Many families are feeling a lot less affluent these days as sharp declines in the values of their primary assets, their homes, since mid-2006 have withered Americans' household wealth by $4 trillion, or by $50,000 for every household in the country.
A new study, called ''The Impact of the Housing Crash on Family Wealth,'' projects that the downturn in the housing sector could, by next year, eliminate nearly all of the wealth that families have accumulated over the past two decades. That study, conducted by the Washington, D.C.-based Center for Economic and Policy Research (CEPR), concludes that decisions homeowners have made about saving and consumption, which were based on perceptions of their own wealth, will not be easily reversed now that this wealth is diminished. The significant decline in housing wealth is most likely to have its greatest impact on owners in their 50s and 60s as they approach retirement age with few assets other than their homes.
CEPR bases its projections on data extrapolated from the 2004 Survey of Consumer Finance and its own assumptions that real house prices in 2009 will be 10 percent below the S&P/Case-Shiller Index for March 2008. (That's a pretty safe bet given that this index, which tracks existing home sales, took its biggest percentage decline ever in May.) CEPR also assumes zero net savings for households during this period.
CEPR projects that the median family in the 35- to 44-year-old age group would have only $31,300 in wealth in 2009, or 63.2 percent less than the wealth this group had in 2001 and 44.8 percent less than the median family in 1989 (which the study uses as a benchmark because that was the last time the country had a severe home-price decline).
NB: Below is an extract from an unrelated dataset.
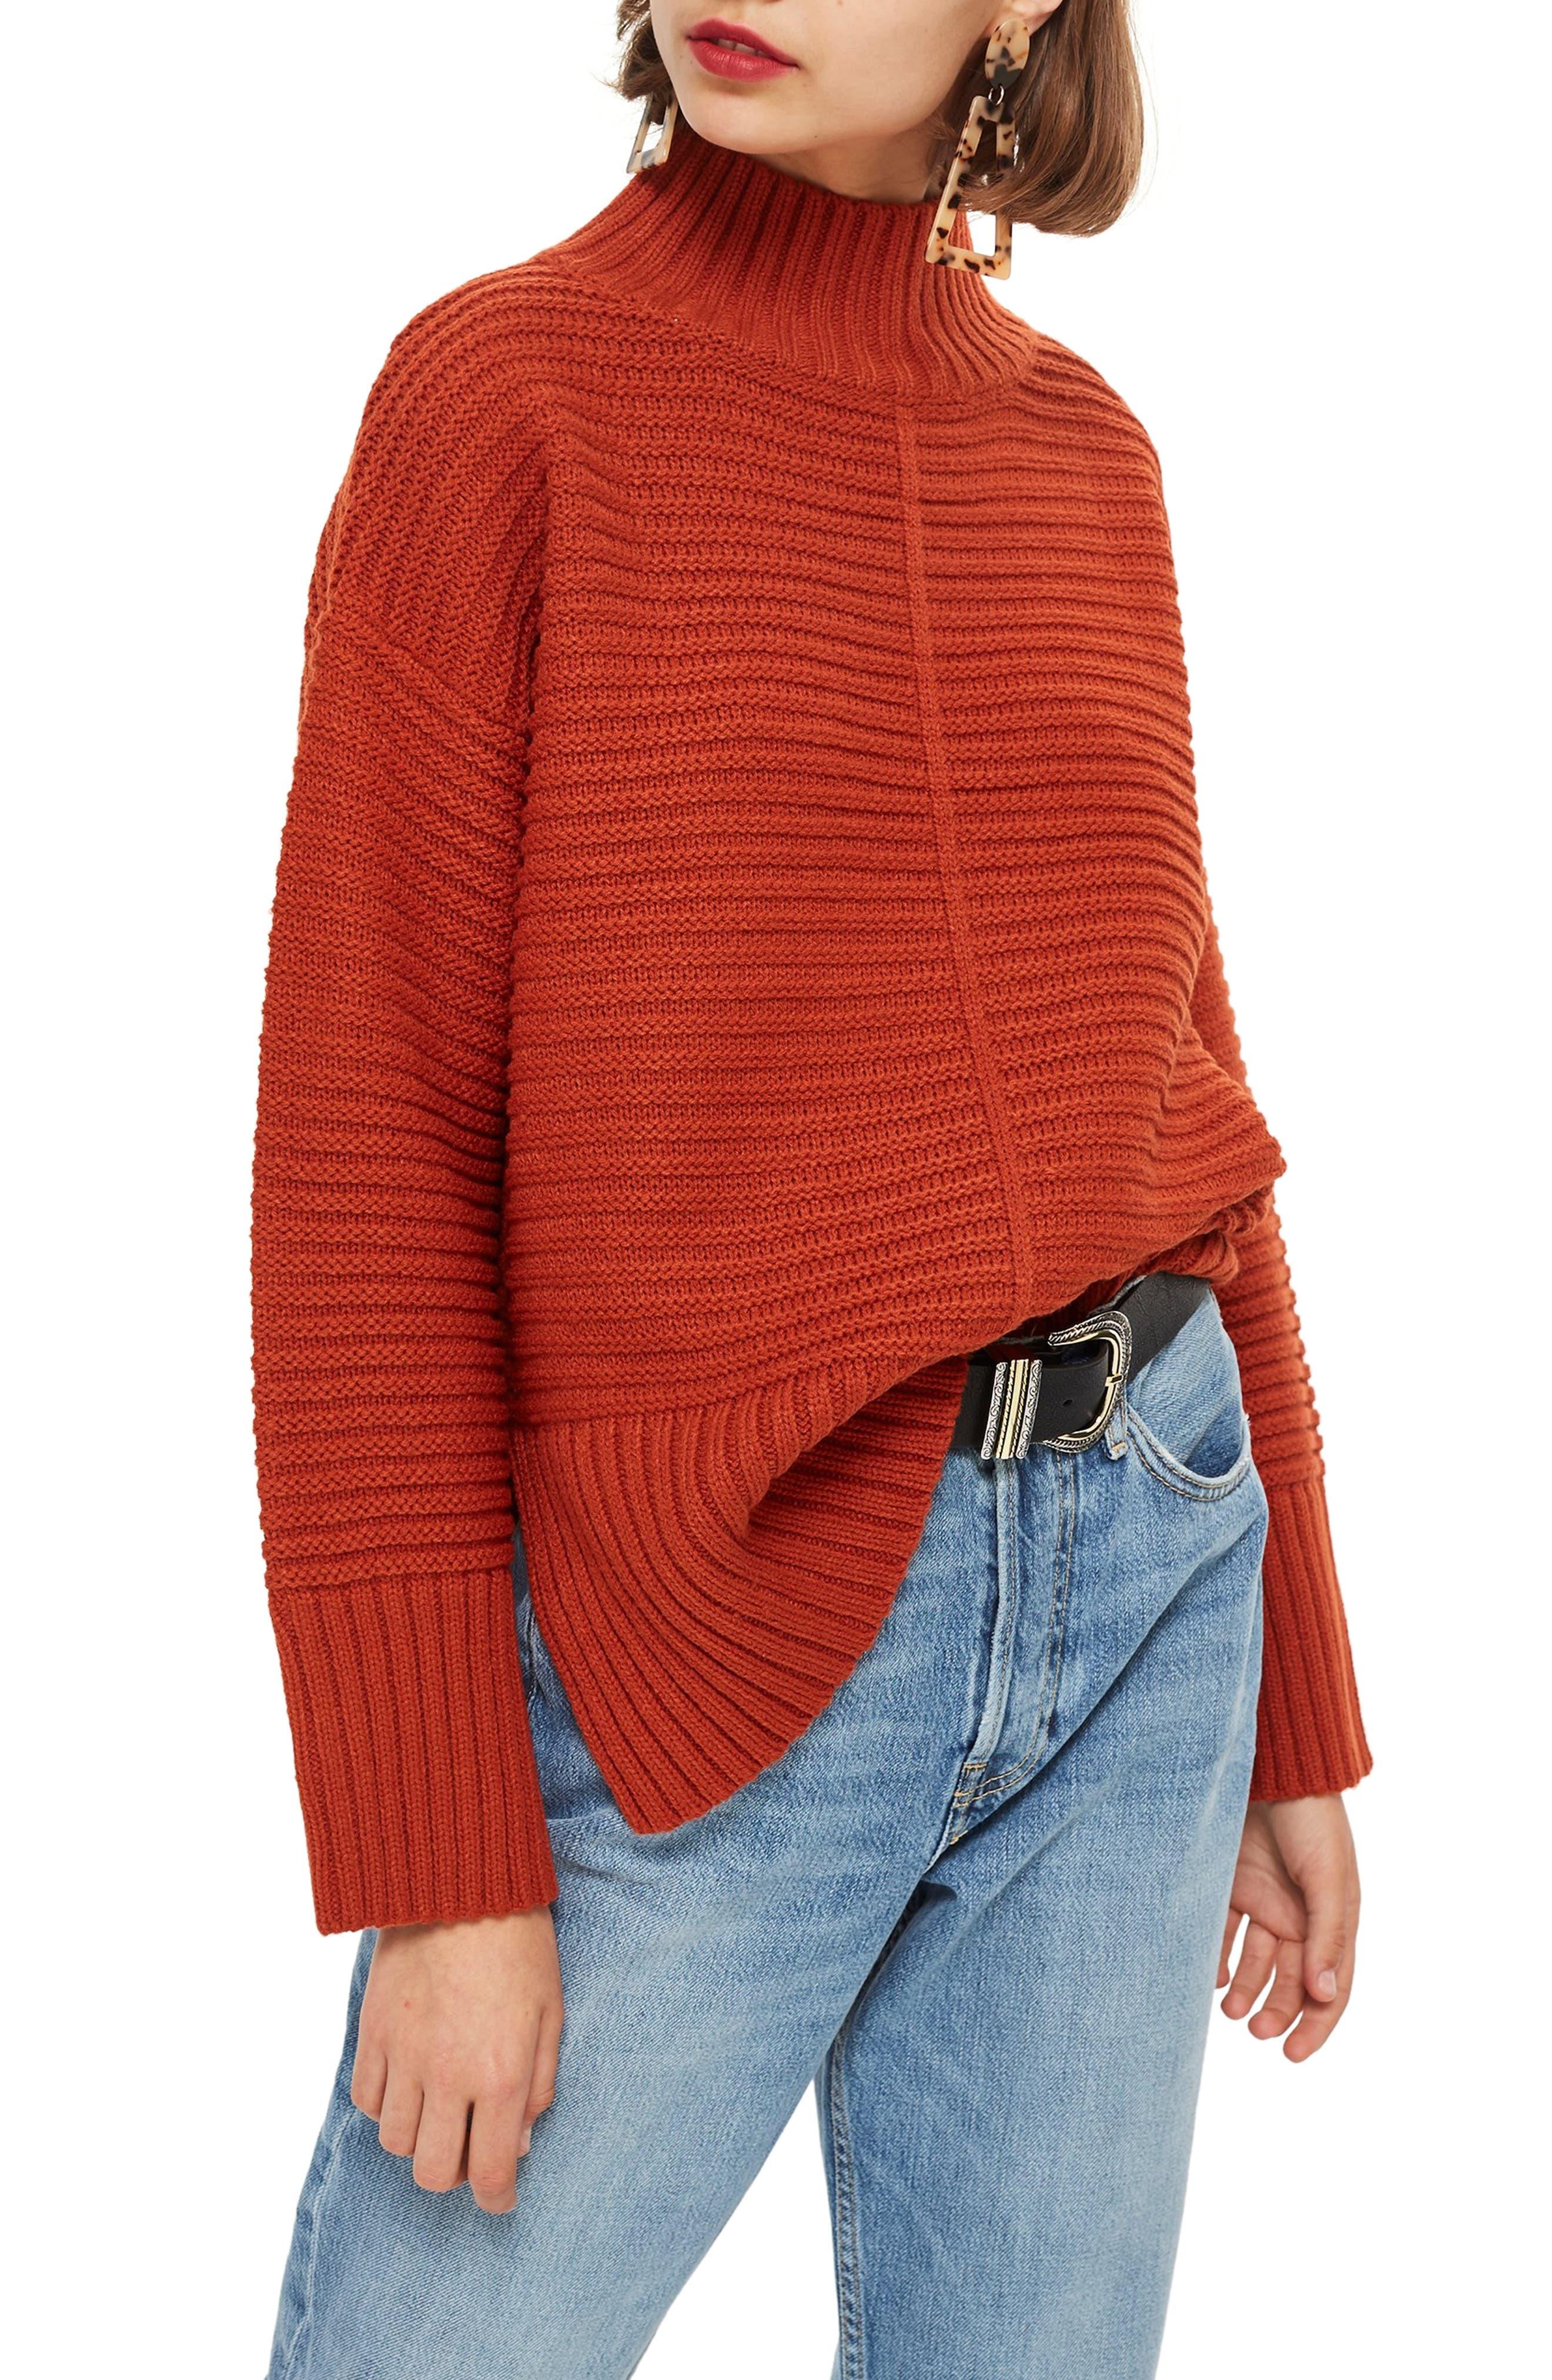 TOPSHOP, Mock Neck Sweater, Main thumbnail 1, color, RUST

For homeowners in the 45 to 54 age group, the fall in housing prices is projected to reduce their wealth in 2009 by 34.6 percent compared to 2004 levels. This median family's wealth next year would be only 0.8 percent higher than the median for this age group in 1989, CEPR projects. (The Center also points out that its comparison might actually be overstating the wealth of families in 2009 because it does not include in its calculation defined pension benefits, which more than half of all families had in 1989, versus 35 percent today.)
Homeowners in the 55 to 64 age group are most likely to feel the results of the decline in housing prices. Consider that, in 2004, this group's median wealth was nearly 180 percent higher than the median wealth of the age group in 1989. "The plunge in house prices since 2006 is projected to eliminate most of this gain," states CEPR. The group's median wealth is expected to fall to $138,700 in 2009 from $275,400 in 2004. This age group's wealth would still be 56.6 percent higher than it was in 1989, but much of that gain would disappear if defined pension benefits were included in this analysis.
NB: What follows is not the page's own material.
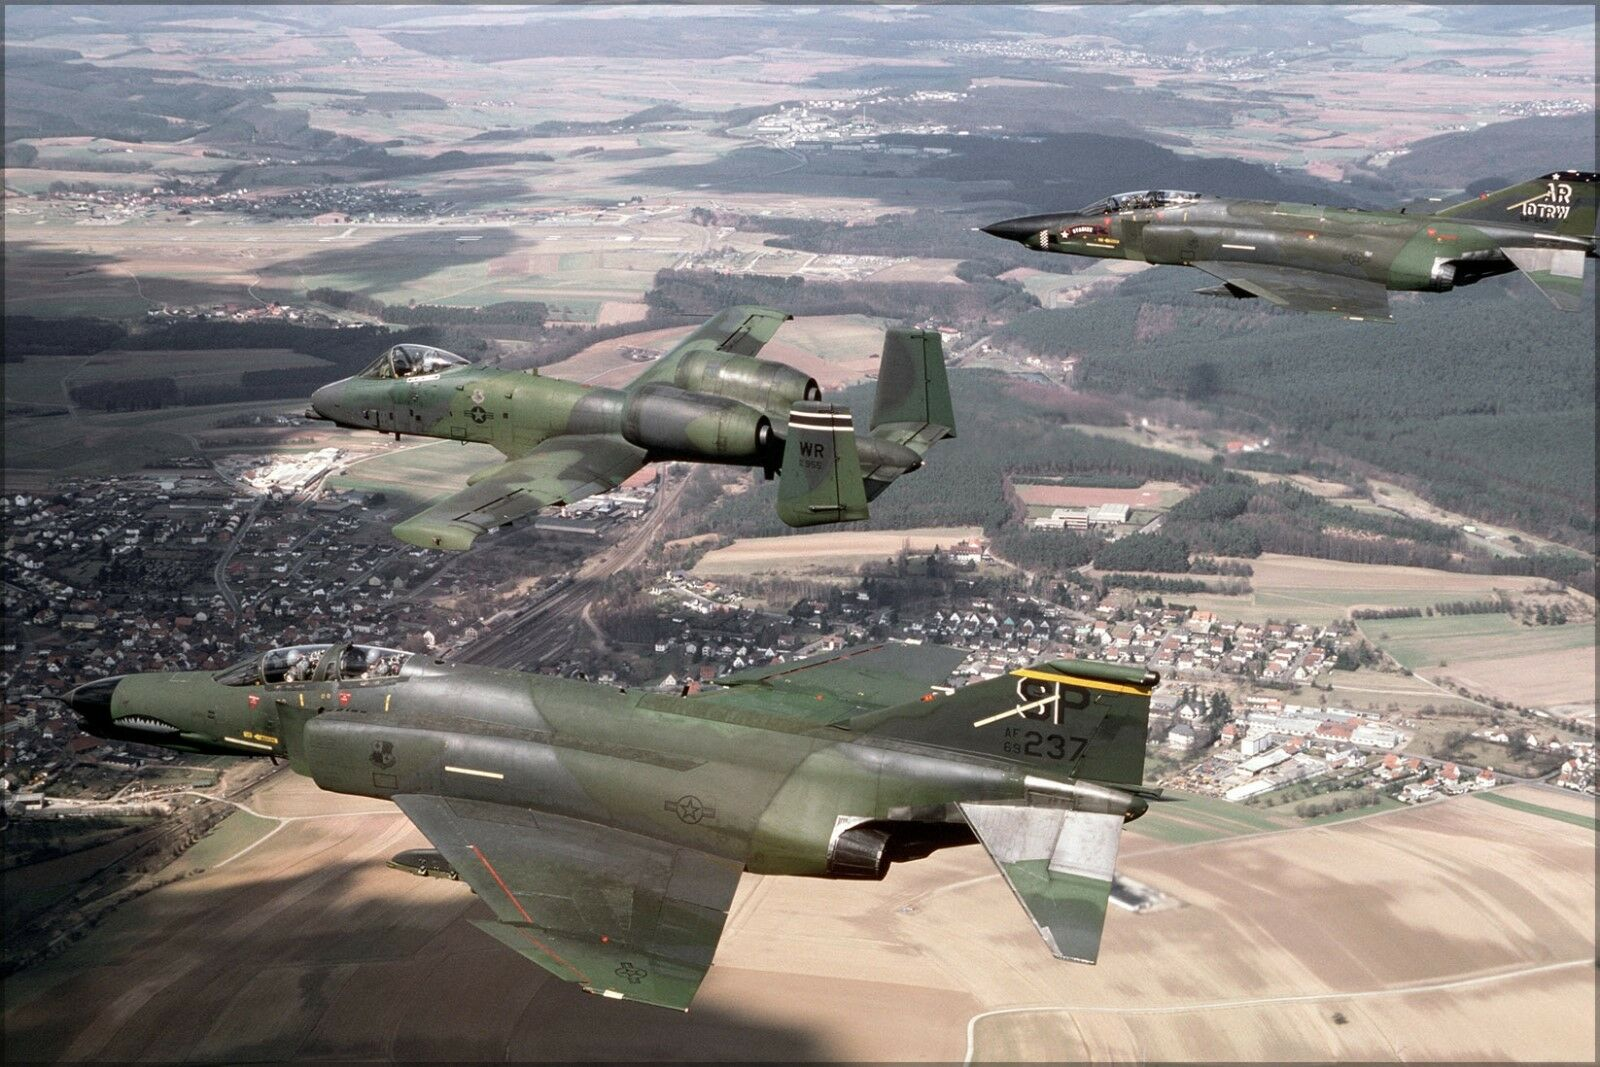 Poster, Molte Misure; F-4g Phantom II F-4, A-10a Thunderbolt A-10 A-10 A-10 Warthog 1987 667cb3

CEPR believes that much of this wealth drain might have been avoided had the government not allowed the housing price bubble to expand unchecked. "Families will behave as though the bubble-generated wealth is real and adjust their consumption and savings behavior accordingly. As a result, tens of millions of families are likely to make wrong decisions, saving far less than they would have if they recognized the transitory nature of the bubble wealth."
John Caulfield is senior editor for BUILDER magazine.